What you are seeing is the art of trail grooming, and a lot of behind-the-scenes work goes into ensuring skiers can glide effortlessly through those tree-lined paths, said one of the people responsible for making it happen.

Sean Marshall, the director of trails at the club said an entire team of about 17 people helps groom and keep the trails in tip-top condition during the busy ski season.

“What we do is make a nice, smooth, consistent surface for skiers to be able to get out and enjoy the trails.”

And to do so, an entire fleet of equipment well-suited to trail grooming is required, Marshall said.

Such machinery and gear, however – while long-lasting – requires repairs and maintenance to ensure it all operates like the well-oiled machinery it should be.

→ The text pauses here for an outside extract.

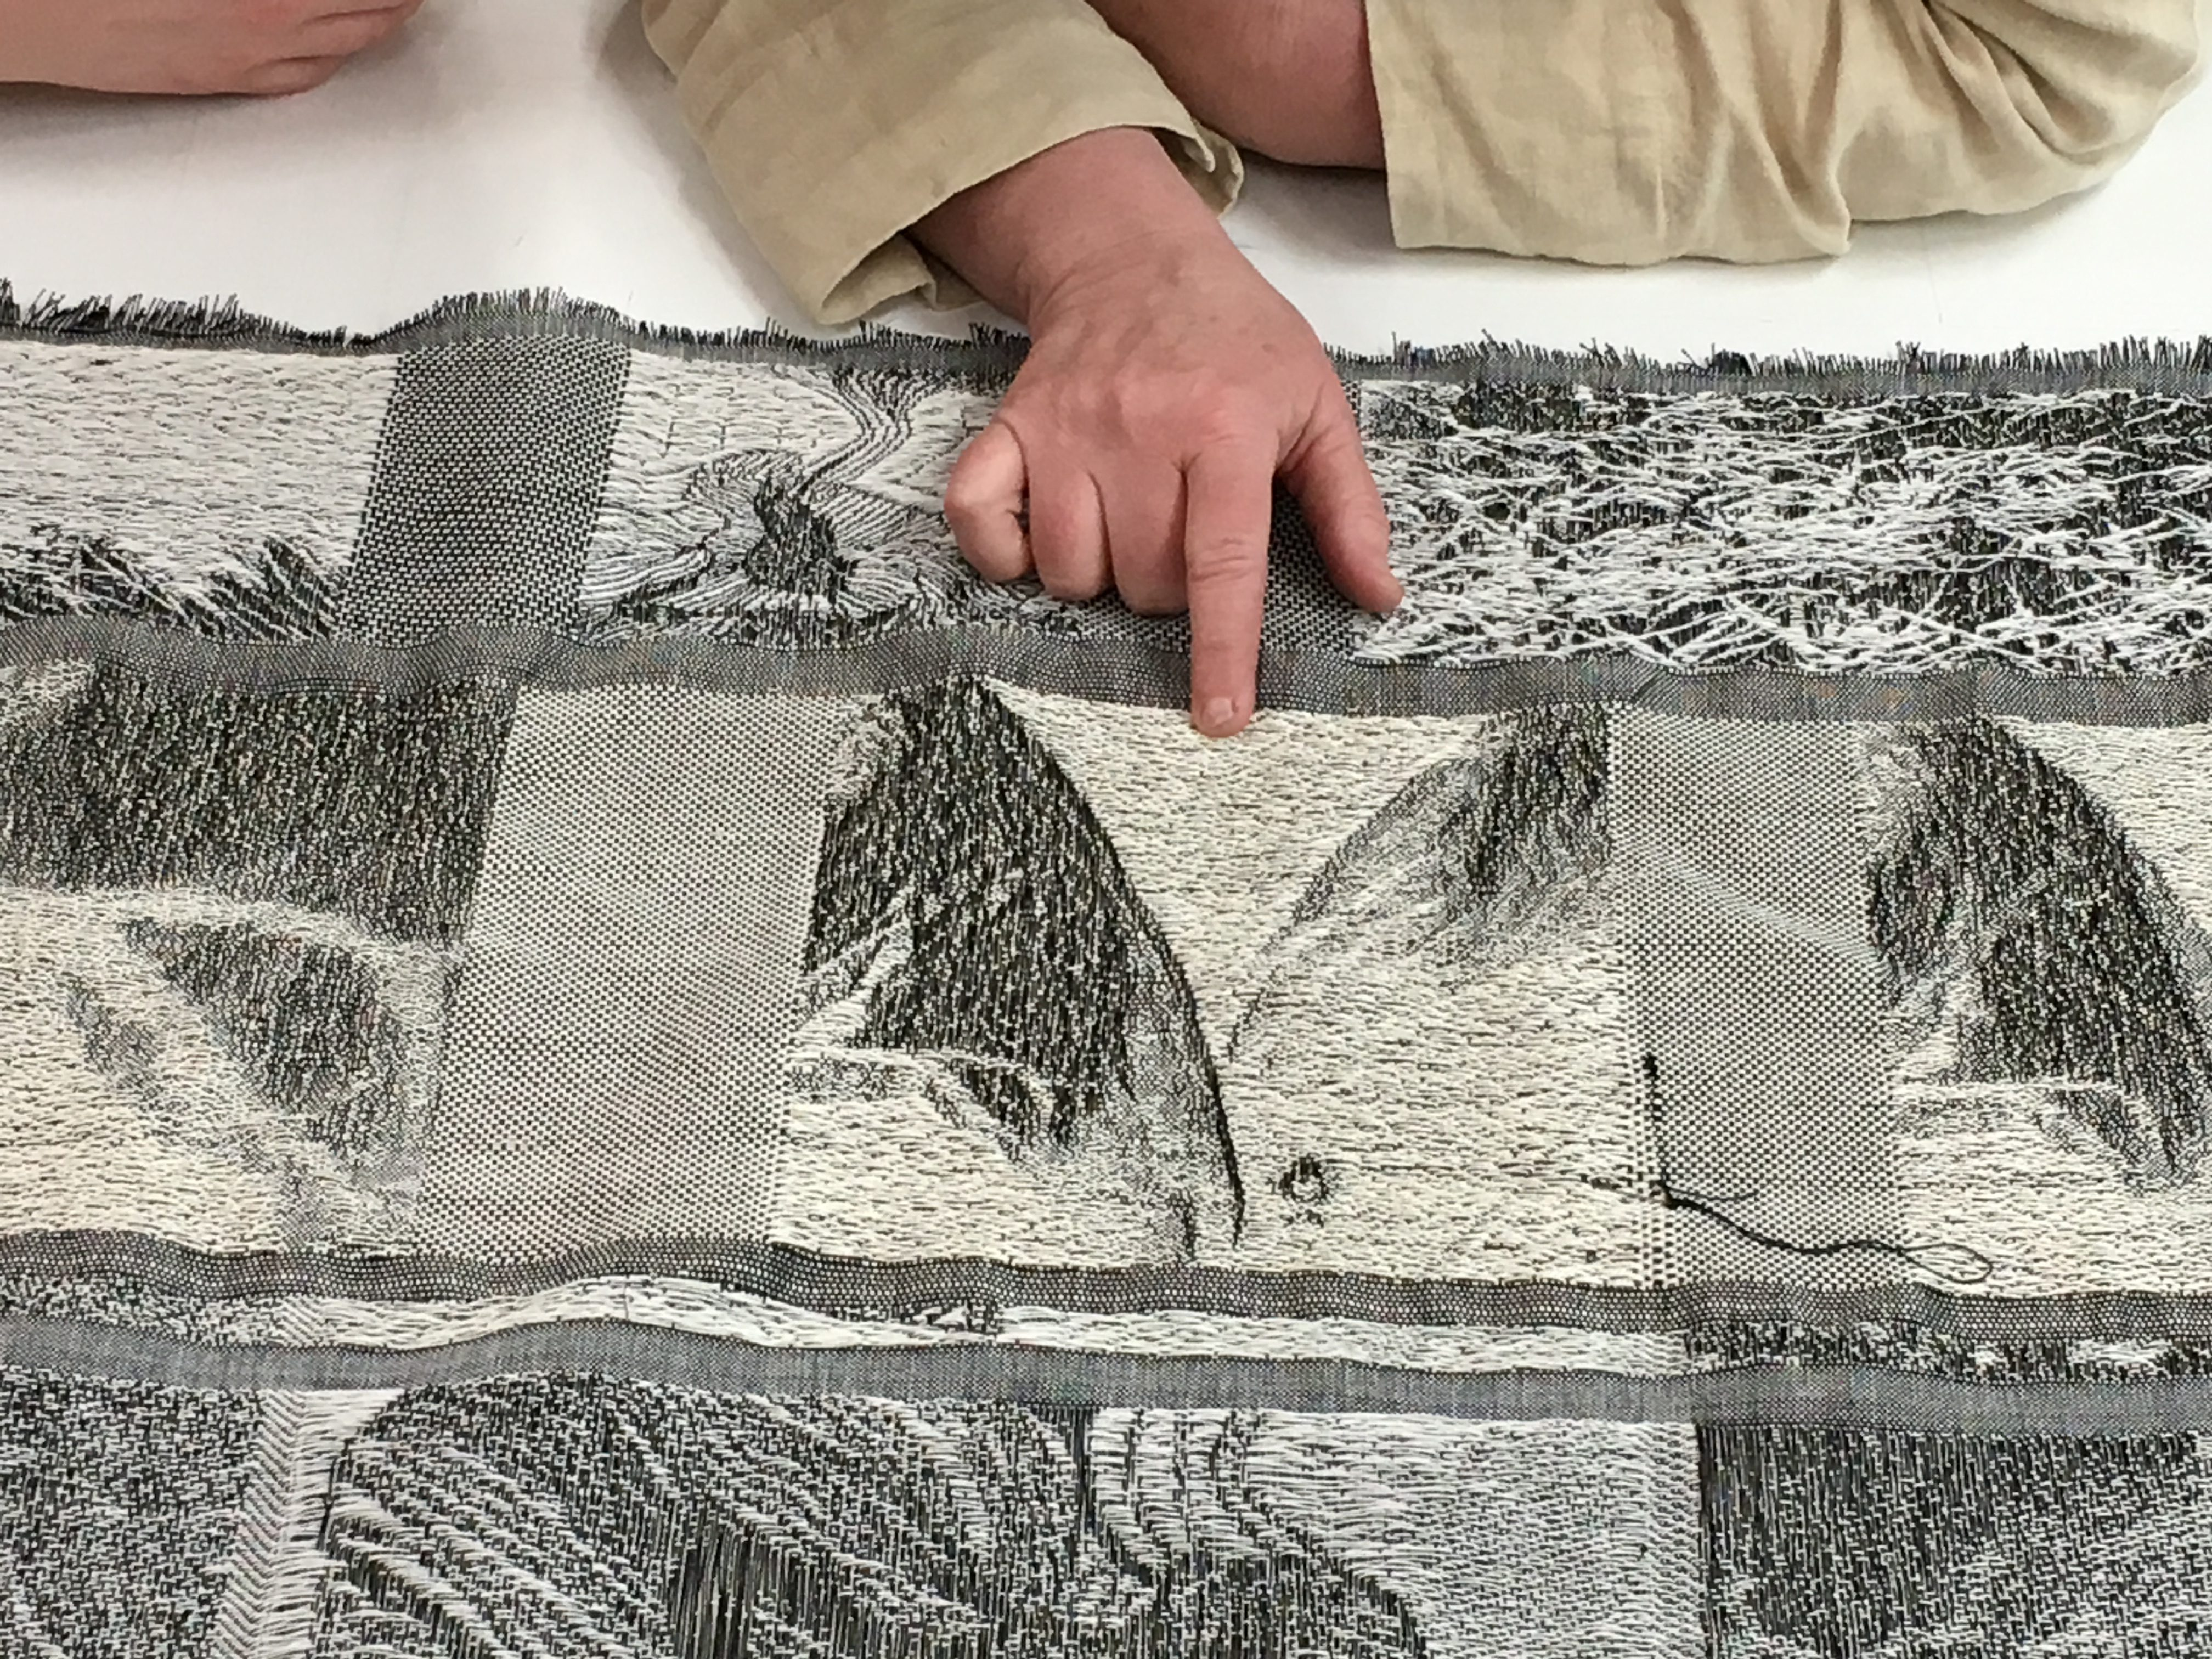 Checking Fabric Design

For this reason, Marshall said the ski club has embarked on a $5000 fundraising effort to ensure they have enough funds to do the necessary upkeep on the equipment used to groom and perfect the trail surfaces, especially since there are many different pieces needed to perform the job.

Some of their snow machines have been grooming the trails for several decades, he said.

The Alpine 2 made by Ski-Doo, for example, is a machine with two tracks and one ski and is “uniquely suited” to trail grooming.

While the club has four of the Alpine 2s from the late 1980s, some need repair to remain or become operational again, and as the company no longer makes them, Marshall said they are irreplaceable.

“They are machines we really want to be able to keep running for just as long as we can. Those are a really good example of something that works really well but we don’t have any late-model replacements for. Ski-Doo stopped manufacturing those in the mid-1990s,” he said.

Marshall credited the “skills from life and craft” of volunteers who have enabled the machines to keep running over the years when they have needed repair.

Also in their fleet are Alpina Sherpas – Italian snow machines that have two tracks and two skis and that are equipped with automotive-based engines, he said.

And along with the machinery, numerous devices are needed to pull behind the snow machine and create the specific corduroy-like surfaces on the trails, he said.

“The neatest ones are call Ginzugroomers.”

Equipped with serrated, teeth-like edges, they create the lined effect with the help of an actuator that moves the sharp edges up or down, depending on the snow conditions, Marshall said. A compaction pan gathers up the looser snow and sorts it so it can settle into a firm base, he added.

“It gives a nice, uniform surface.”

Typically, three people will go out on the trails for about three hours to groom them, Marshall said. On average, the group goes three nights a week. The completed surface is then well-suited for both classic and skate-skiing.

Marshall said the replacement value for equipment used just in a typical grooming outing on the trails is approximately $150,000, hence the need to keep it in good repair.

“That is just what is active on that day. We would have other equipment that we wouldn’t be using then.”

The $5000 fundraising initiative is facilitated by Nordique Canada, Marshall said, adding that as a result of their involvement, the non-profit club can offer a tax receipt for any contributions. The campaign runs until March 28.